Did you download this from a p2p like limewire?


----------



## jnhay

I got it from softpedia.com, I now see Vista wasn't included under requirements, but I should still be able to delete it shouldn't I?


----------



## Leumas

I had the same message when trying to install an printer, you have to install your self as the administrator. heres what I had to do.
1. Click start windows button
2.click programs
3. click accessories
4. Right Click command prompt and slect run as Adminstrator
5. click continue
6. type in witth out quotes "net user administrator /antive:yes
7. enter
8. restart computer


----------



## Oceanborn

Leumas said:


> I had the same message when trying to install an printer, you have to install your self as the administrator. heres what I had to do.
> 1. Click start windows button
> 2.click programs
> 3. click accessories
> 4. Right Click command prompt and slect run as Adminstrator
> 5. click continue
> 6. type in witth out quotes "net user administrator /active:yes
> 7. enter
> 8. restart computer


Or....you can disable UAC control altogether and stop the annoying messages once and for all...

Control panel, user accounts, disable UAC control


----------



## ray207

Leumas said:


> I had the same message when trying to install an printer, you have to install your self as the administrator. heres what I had to do.
> 1. Click start windows button
> 2.click programs
> 3. click accessories
> 4. Right Click command prompt and slect run as Adminstrator
> 5. click continue
> 6. type in witth out quotes "net user administrator /active:yes
> 7. enter
> 8. restart computer


Spot on! you obviously know computers, where do you get the information to do this kind of work. BTW disabling UAC has no effect on this particular situation.


----------



## VampireJesues

I just dealt with this myself. Due to problems with an installation of Windows Vista, I was left with a Windows.old folder that was in my C:\ just taking up vital space.

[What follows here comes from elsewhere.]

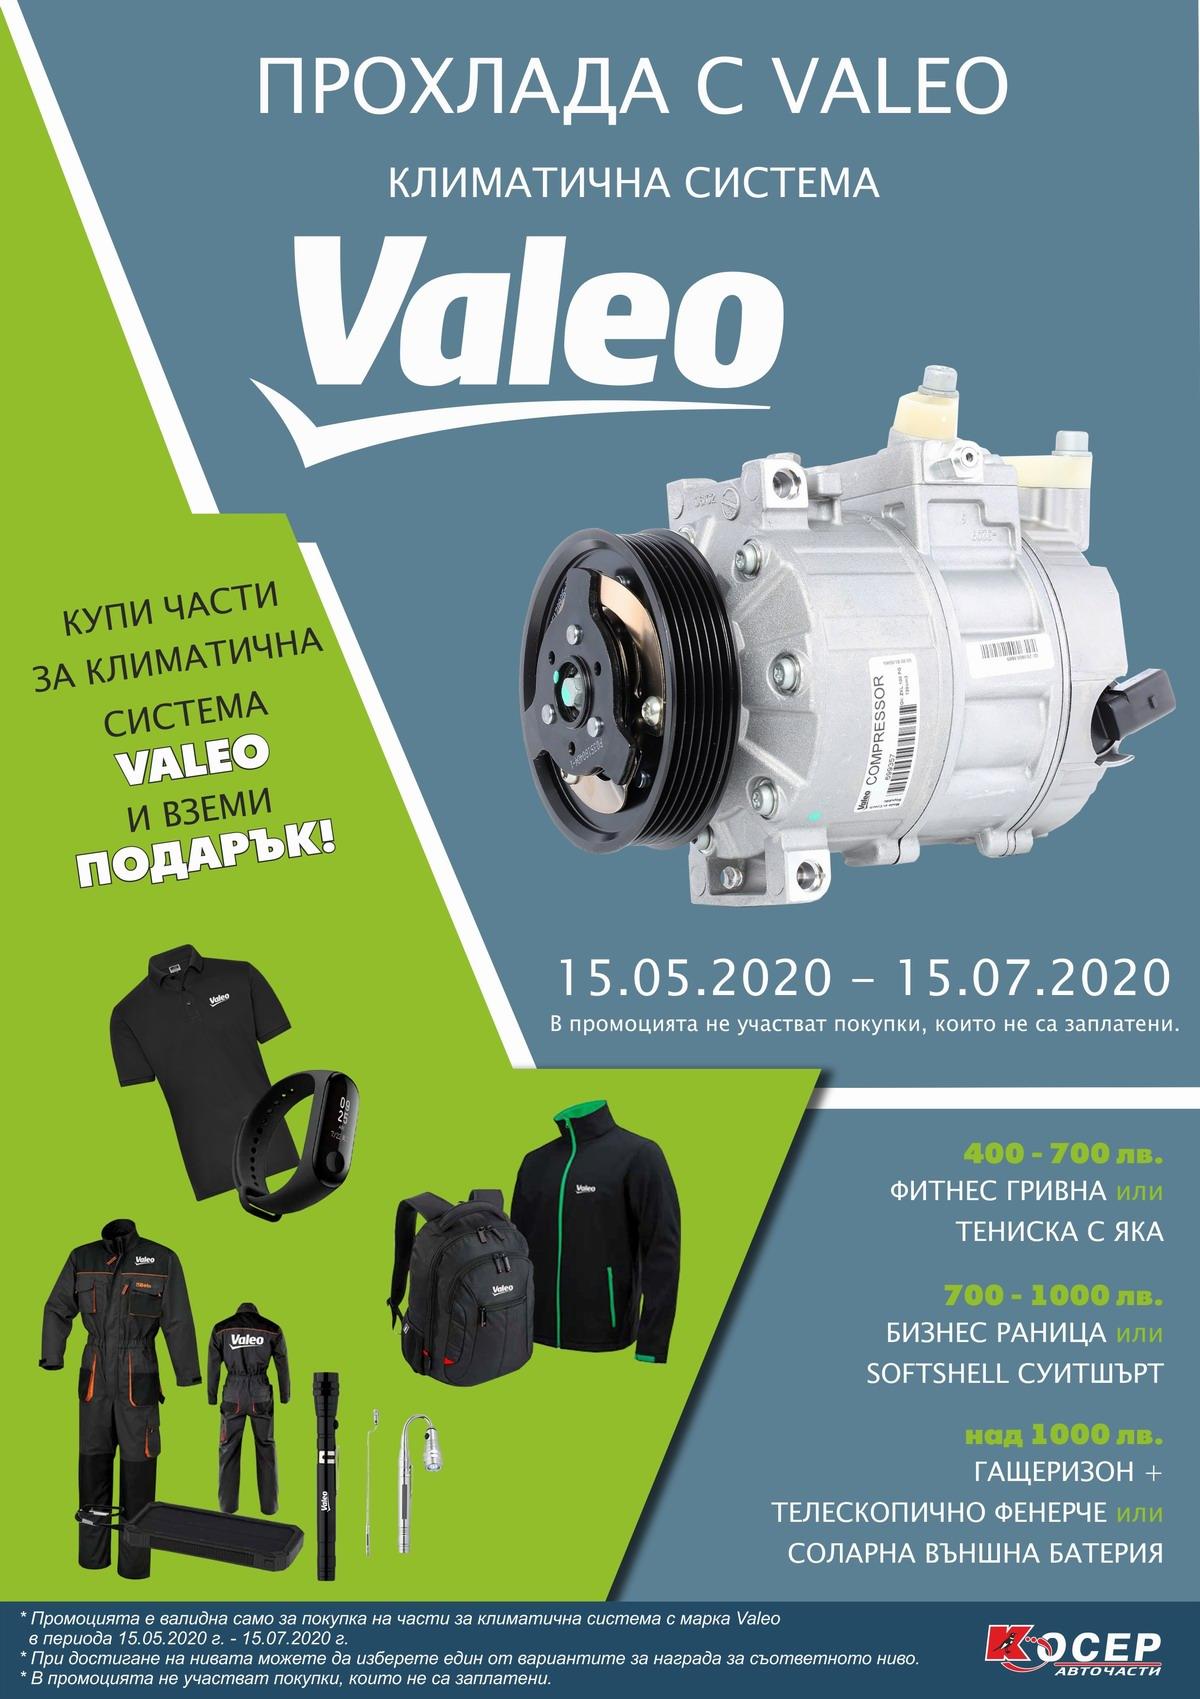 Промоция VALEO, 15.05.2020 - 15.07.2020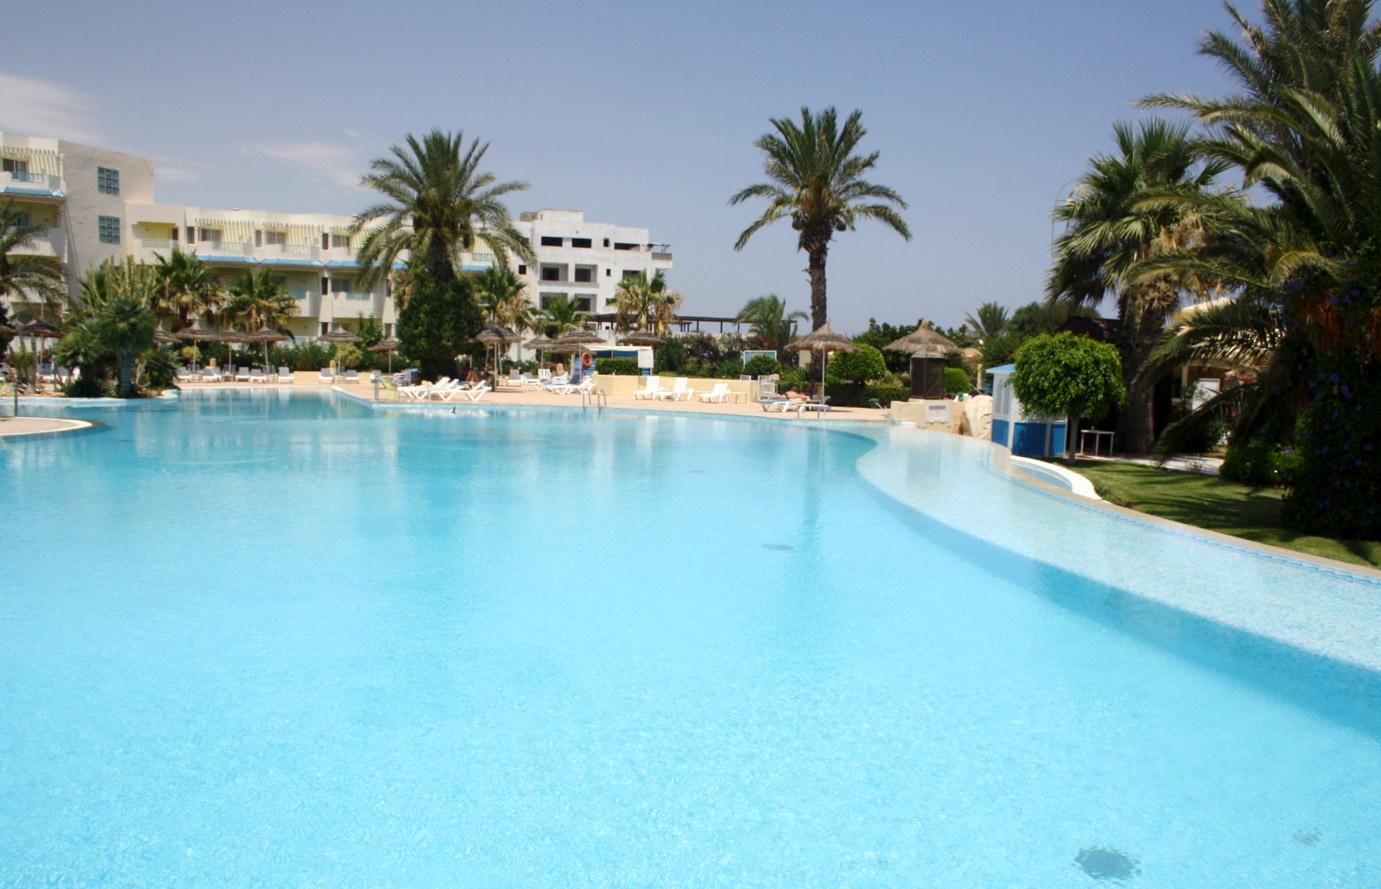 TUNISIA: PHOTO DIARY I. 8

It was a tricky one, but using a helpful post that I saw here I was able to get things finally said and done. The key is to use the steps for ADD through to FIND NOW until you get as far down as you can go and then you can select All Access to give you every imaginable access to the files that you can get in Windows Vista.

Hope this helps and isn't too un-informative.

Ok, I made a test folder here to up the informative quality and I'll go through a quick run-down of the process

First you want to right-click the folder or the file and then you select Properties and go to the Security tab and under that you select Advanced. Then in the next window that pops up, you should already be under Permissions tab. Click the Edit button and then click the Add button in the next window. Click on Advanced, then click on Find Now and select the profile that you are using from the list and click OK. Then you are ready to click OK again to go to the list where you will select your permissions. Just select Full Control and you can do anything you like with your files/folders now.


----------



## coryb891

I get this message a lot when when I attempt to move or delete a directory and I have one or more files within that directory open in an application. First it says "You need to confirm this operation", and then it says "You need permission to perform this action". Strangely, it seems to occur only when files in subdirectories are open and not when files directly within the directory are open.

Demonstration:
1) Open up two Windows Explorer windows.
2) In one of the explorers, create a directory named "TopDir" and a subdirectory named "SubDir". Open SubDir in explorer.
3) Right-click in the SubDir folder and select "New" and then "Compressed (zipped) Folder".
4) Double-click the new zip file to open it in Explorer.
5) From the OTHER explorer window, attempt to delete the TopDir folder. You will experience this strange behavior.

If you instead tried to create the zip file directly inside of TopDir, open the zip, and then try to delete TopDir, it deletes fine.

Why do we get such a misleading error message? Something like "Cannot delete or move this directory because one or more files in this directory are in use," would be a LOT more helpful.


----------



## getincrazy

thank, I'd done all that is working.


----------



## sobeit

a folder??? from softpedia???? Usually you only download files from softpedia. Was it a folder that was created when you installed the program you downloaded or is it a folder that was part of the extraction of the file you downloaded. 

try deleting it in safemode


----------